Vale destacar que a ausência de qualquer dos requisitos essenciais do título, prescritos pelo aludido art. 3º, pode macular o título de forma até mesmo irreversível.

Observando-se com atenção o Art. 1º da Lei em referência, é de se notar que somente produto rural pode ser alienado via Cédula de Produto Rural, já que o título foi criado exclusivamente para a venda e compra, e com pagamento à vista como acima observado, de produto que possa como tal ser adjetivado.

Produto rural deve ser entendido a coisa que o produtor rural produz, e não aquilo que ele compra para produzi-la.

Com esta vocação de somente admitir sua firmação para venda de produtos da espécie, a CPR apresentar-se-á como um título viciado, se indicar como objeto do negócio bem cuja natureza não permita sua inclusão na categoria produto rural.

Quis a Lei jungir a emissão da CPR somente à venda e compra de produto rural, posto ser esta a mercadoria que o produtor rural dispõe para, alienando-a, obter recursos necessários ao desenvolvimento de sua atividade.

Não se pode nunca perder de vista que o título é instrumento que foi criado para apoiar o desenvolvimento do setor primário, de modo que seu emprego deve ser sempre analisado sob este ângulo.

Materializando um contrato de compra e venda, o que é fato, o título se sujeita, subsidiariamente, e no que foi pertinente, aos preceitos do Código Civil, notadamente no regramento que traça para os negócios da espécie.

Desta forma, dispõe o Art. 491 do Codex, por exemplo, que o vendedor não é obrigado a entregar a coisa antes de receber o preço ajustado, a não ser nos casos de venda a crédito. Como na CPR a venda não é a crédito, mas sim, com pagamento no ato de firmação do título e, portanto, pagamento à vista, se o comprador não pagou de plano ao vendedor o preço ajustado, não terá preenchido umas das condições básicas do negócio, o que fatalmente irá comprometer eventual ação executiva intentada contra o emitente para entrega da coisa prometida. Se o emitente/vendedor em defesa judicial alegar que o pagamento do valor correspondente ao negócio não lhe foi feito, caberá ao credor/comprador o ônus da prova em sentido contrário, visto que somente ele poderá desincumbir-se deste encargo.

A CPR é um título eminentemente causal, e sem que a causa legalmente prevista para sua emissão esteja presente o título padece de força executiva.

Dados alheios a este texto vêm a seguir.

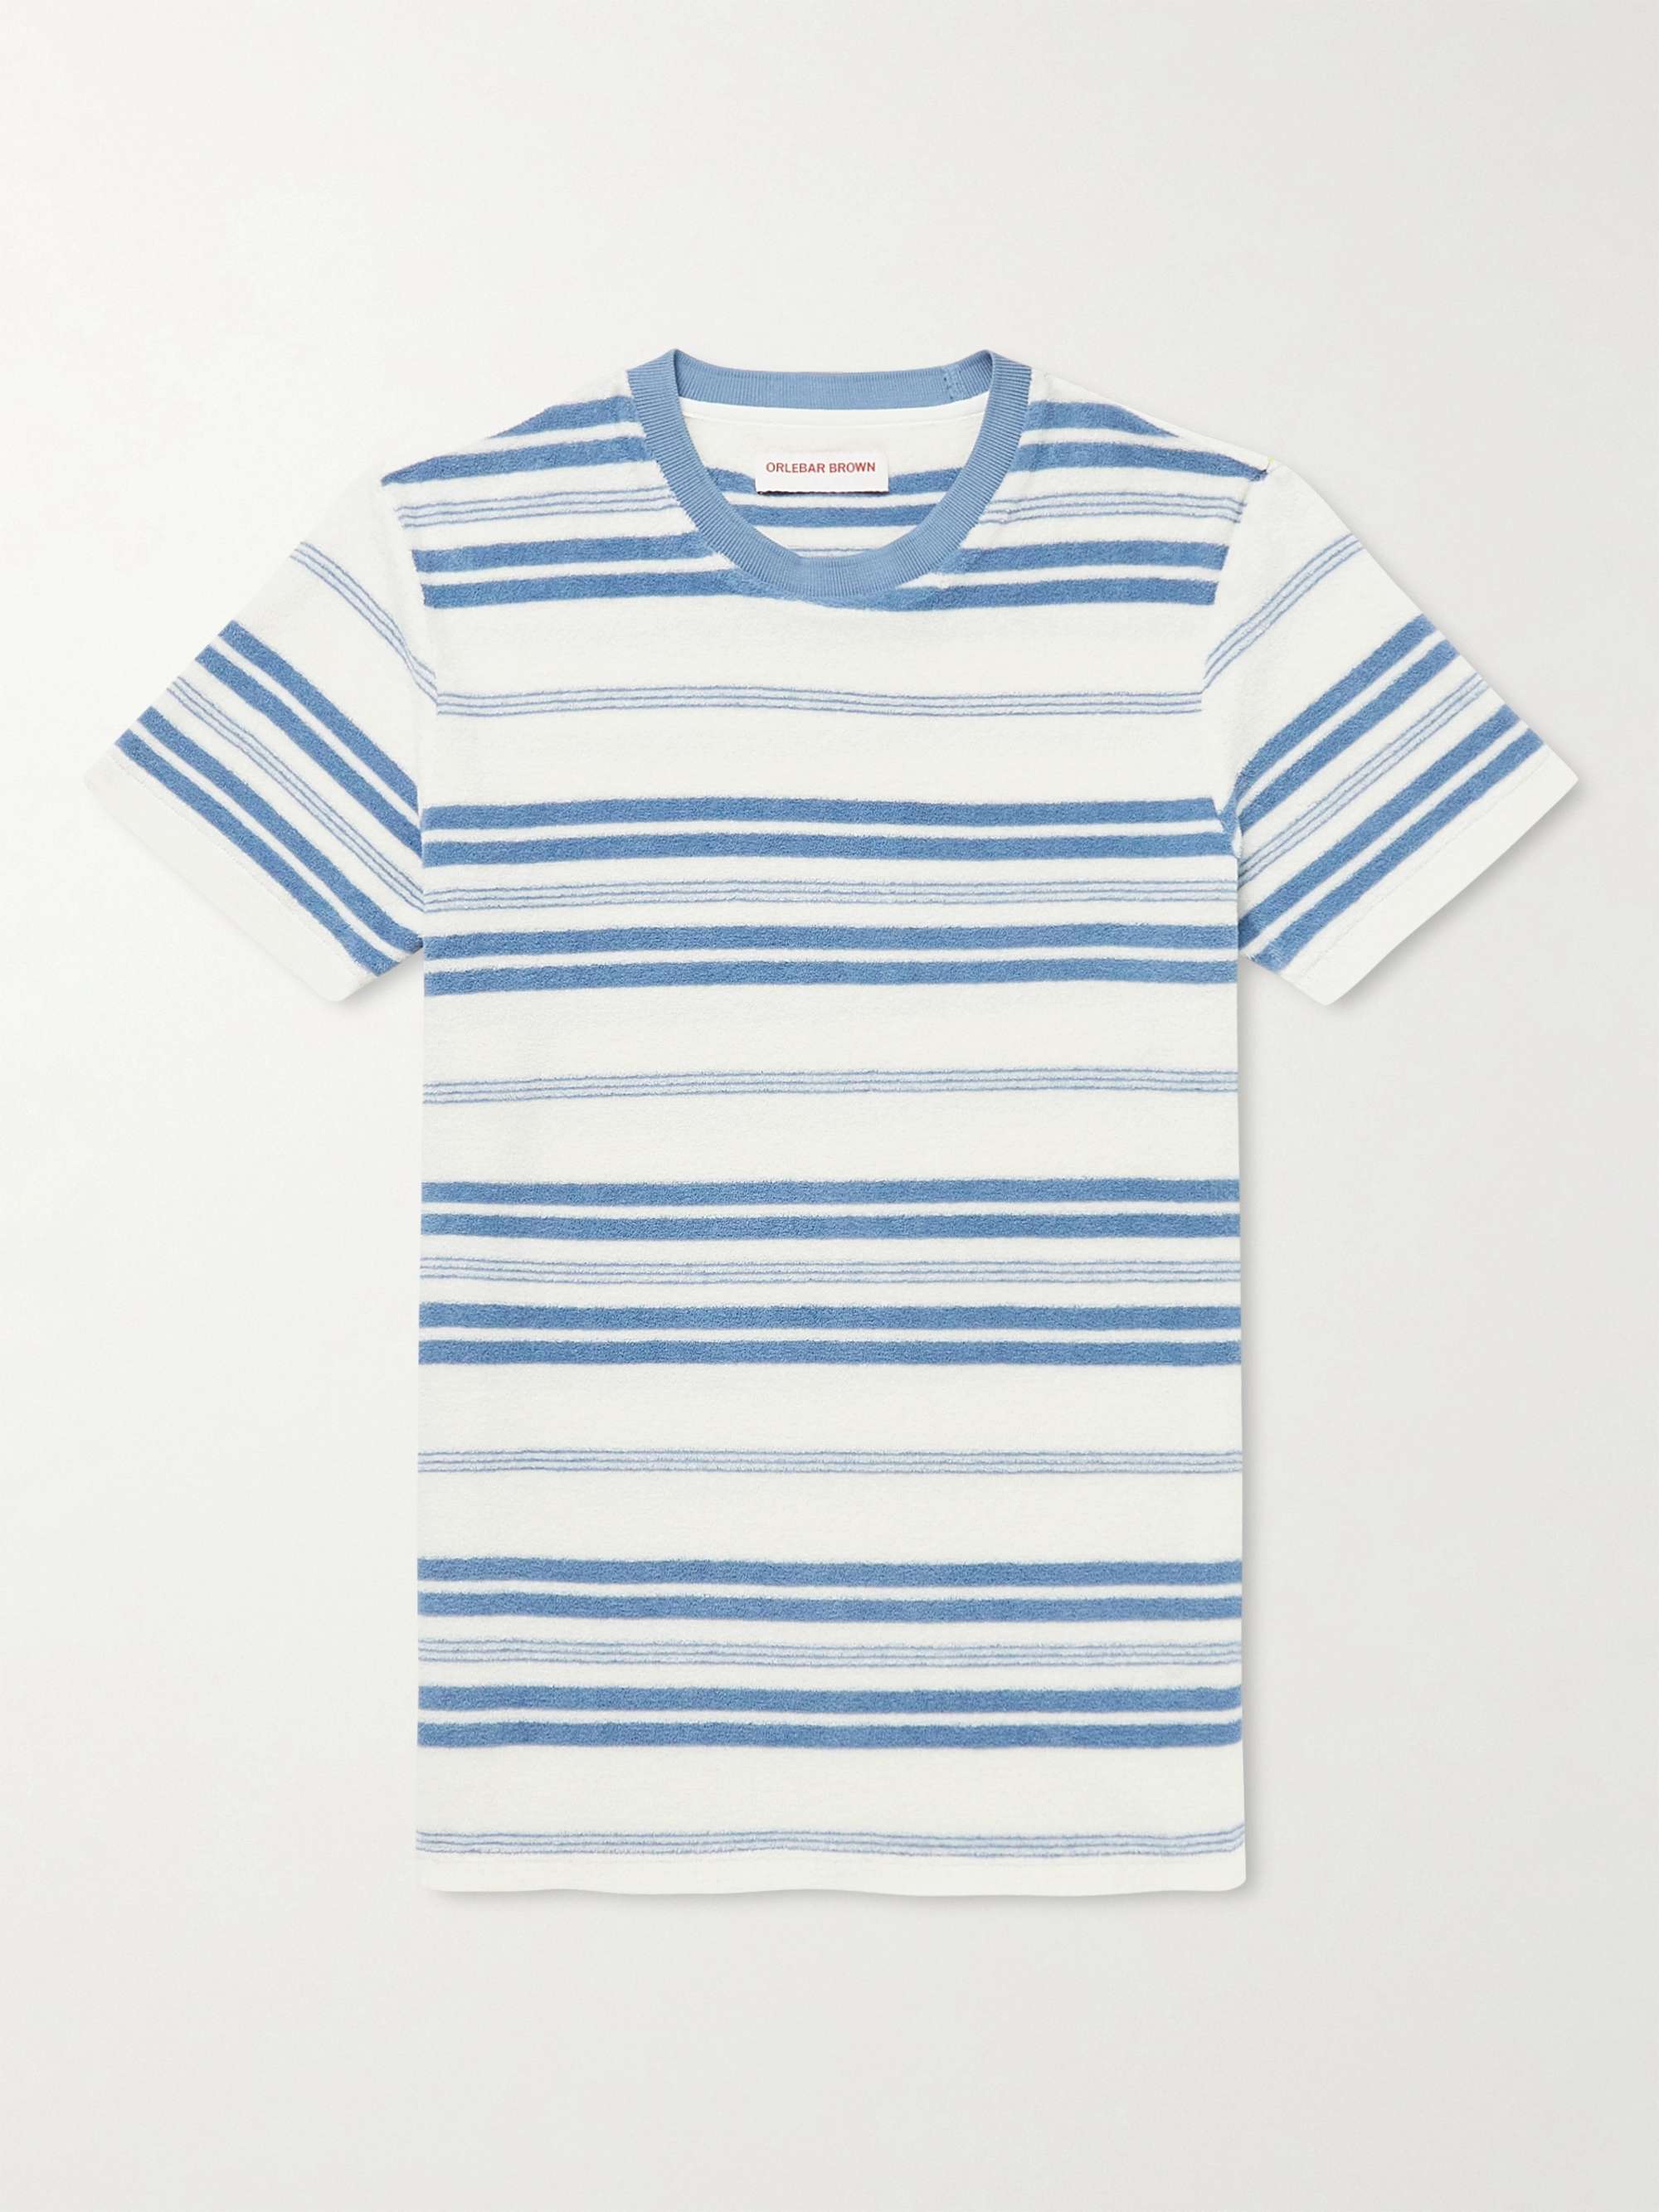 ORLEBAR BROWN Sammy Striped Cotton-Terry T-Shirt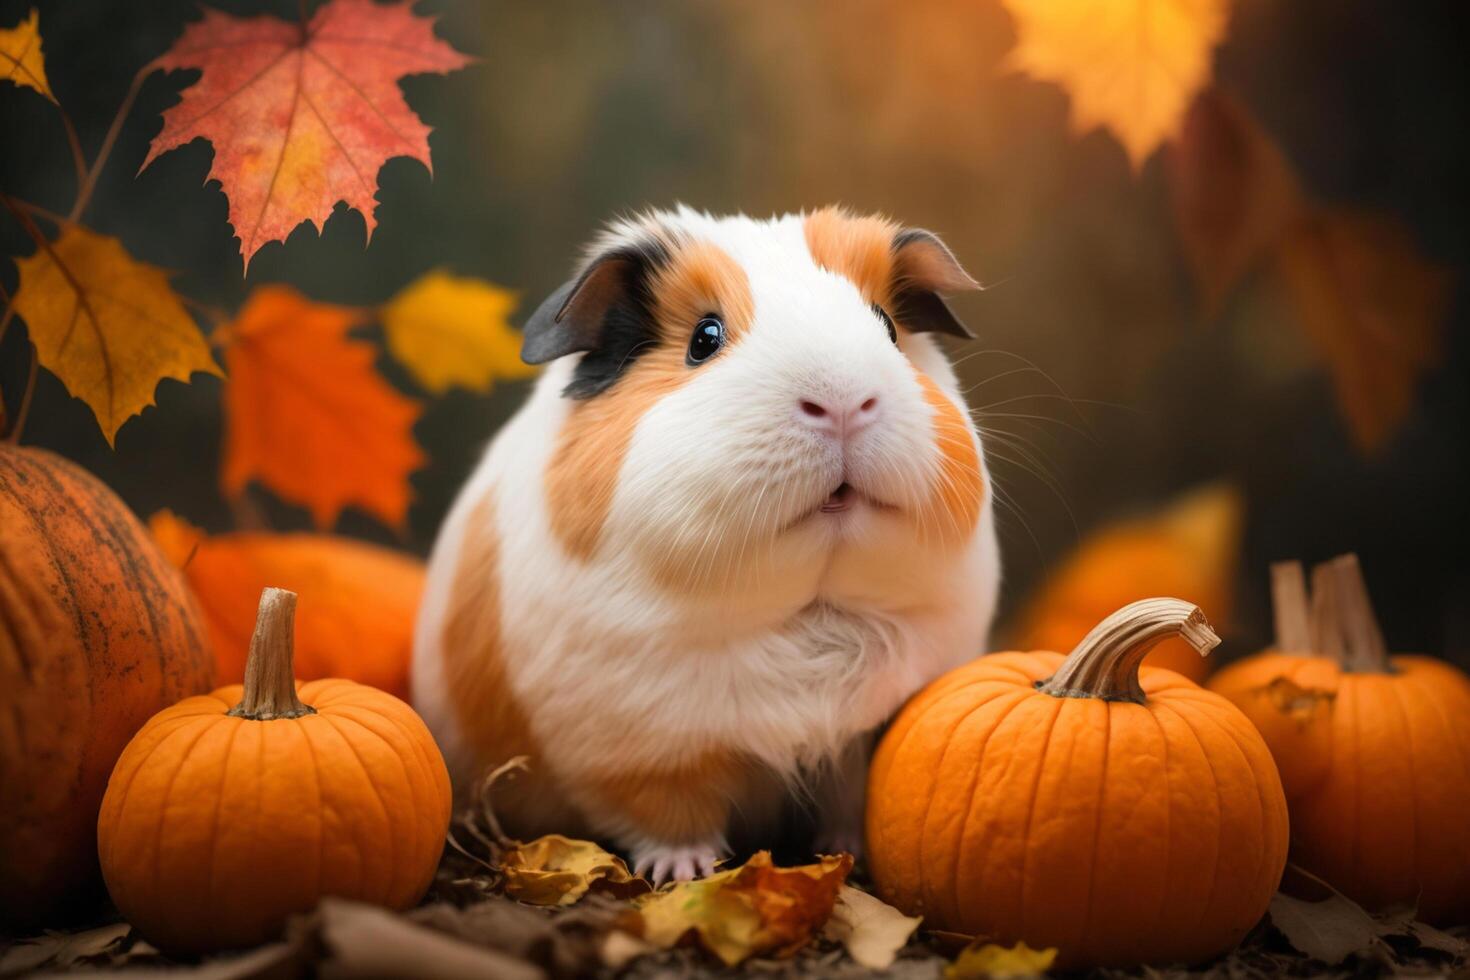 Funny guinea pig sits between pumpkins photo

Outro tanto, renegociações que tiveram por objeto novar CPR’s viciadas têm pouca estabilidade jurídica, visto que em muitos casos poder-se-á aplicar ao caso do o preceituado pelo Art. 367 do Código Civil, segundo qual não podem ser objeto de novação obrigações nulas ou extintas.

A CPR é sem dúvida alguma um excelente papel para o mundo do agronegócio, porém se o seu uso for desvirtuado as transações dela emergentes poderão sofrer duro questionamento judicial.

Oportunamente serão abordadas questões ligadas à CPRf, bem assim os cuidados a serem tomados pelo credor-endossatário da CPR.